Of course, (1) and (3) are very important, so you pick your hashes to reduce aliasing to some low, but acceptable level. Otherwise you just have to eat mispredicts if you alias too much.

Note: (1) and (3) aren't really functions of history, they're functions of their static location in the binary (I'm simplifying a tad but whatever). You can more freely alias on (2), which is very history-dependent, because (1) will guard it.

pkaye•5mo ago
Here is some examples of the different branch prediction algorithms.

https://enesharman.medium.com/branch-prediction-algorithms-a...

atq2119•5mo ago
By now I'd assume that all modern high performance CPUs use some form of TAGE (tagged geometric history) branch prediction, so that's a good keyword to search for if you really want to get into it.
ip26•5mo ago
It is expensive, but it’s even more expensive not to.
ActorNightly•5mo ago
Branch prediction is probably the main reason CPUs got fast in the past 2 decades. As Jim Keller descrbied, modern BPs look very much like neural networks.
checker659•5mo ago
There are two things to predict: whether there will be a branch, and if so, to where.
remexre•5mo ago
https://danluu.com/branch-prediction/ is a good illustrated overview of a few algorithms.
Izmaki•5mo ago
My favourite explanation of how Branch Prediction works: https://stackoverflow.com/a/11227902/1150676
zzo38computer•5mo ago
MMIX instruction set specifies the branch prediction explicitly.

If you also have a "branch always" and "branch never" and the compiler can generate a code to modify that instruction during the initialization of the program, then for some programs where some of the branches are known during initialization, it might modify the code when it is initialized before it is executed.

immibis•5mo ago
Pretty much every CPU has a "branch always" (it's called "branch" or "jump") and a "branch never" (it's called "nop"). The language support for this is the tricky part.
zzo38computer•5mo ago
For "branch always", yes, but for "branch never", it is not necessarily the same as the "nop" in many instruction sets, because it would still have an operand of the same size and format of a branch instruction, although the operand is ignored.
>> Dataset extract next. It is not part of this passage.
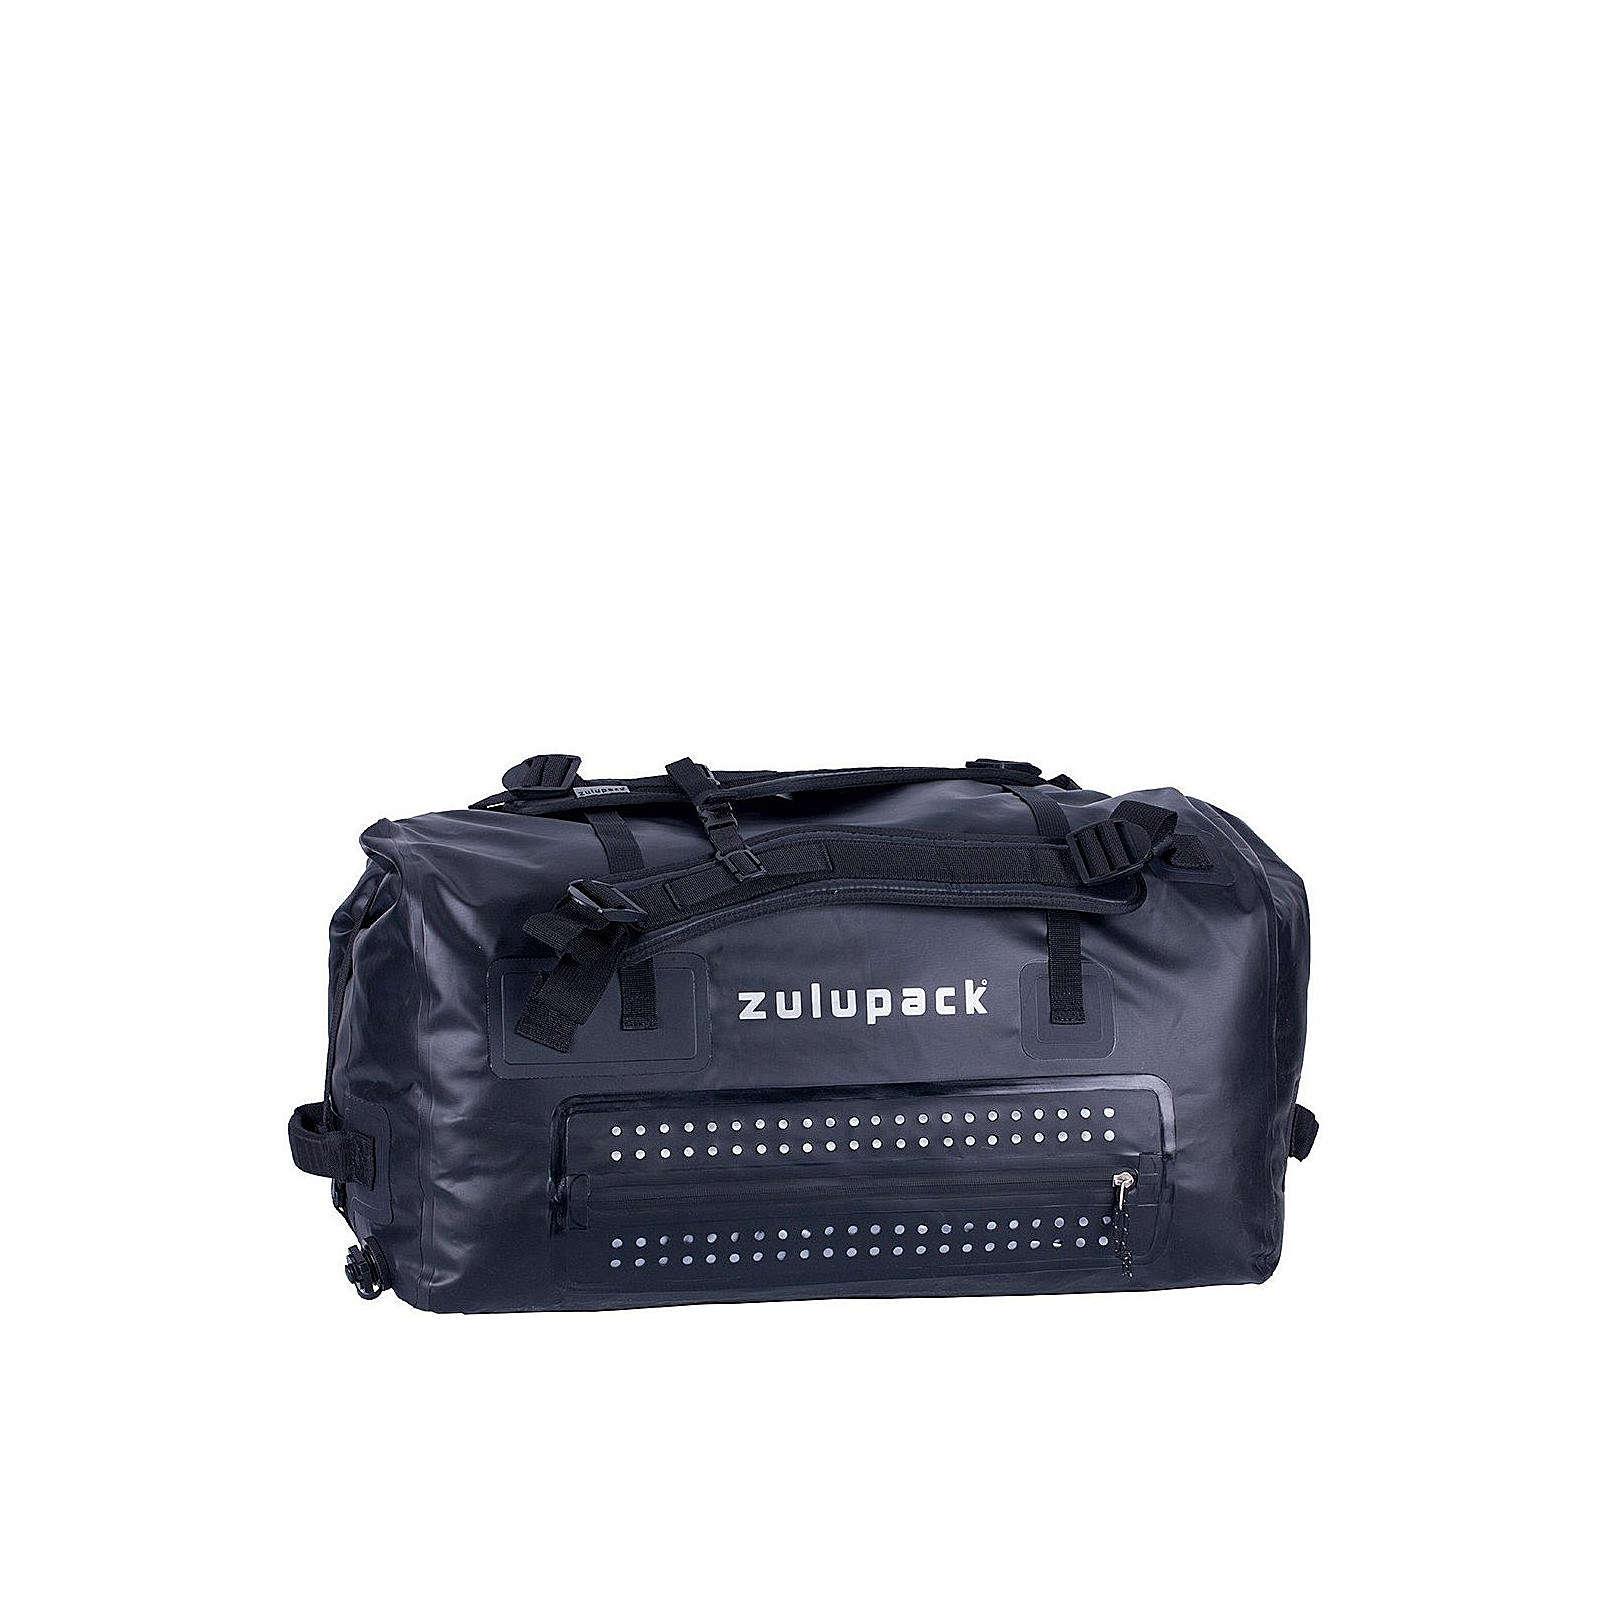 Zulupack Borneo Reisetasche 85 L waterproof 70 cm Reisetaschen schwarz

(For instruction sets with fixed size instructions, the "nop" will potentially work if it has an operand which is not used for any other purpose; the SWYM instruction on MMIX is also no operation but the operand may be used for communication with debuggers or for other stuff.)

dan_hawkins•5mo ago
You can just use "branch always" but to the next instruction (:
eigenform•5mo ago
Think you're referring to the idea that "my compiler can know that some branch is always/never taken" and turn it into an unconditional control-flow instruction (either "always jump here", or "always continue sequentially" and don't emit anything!).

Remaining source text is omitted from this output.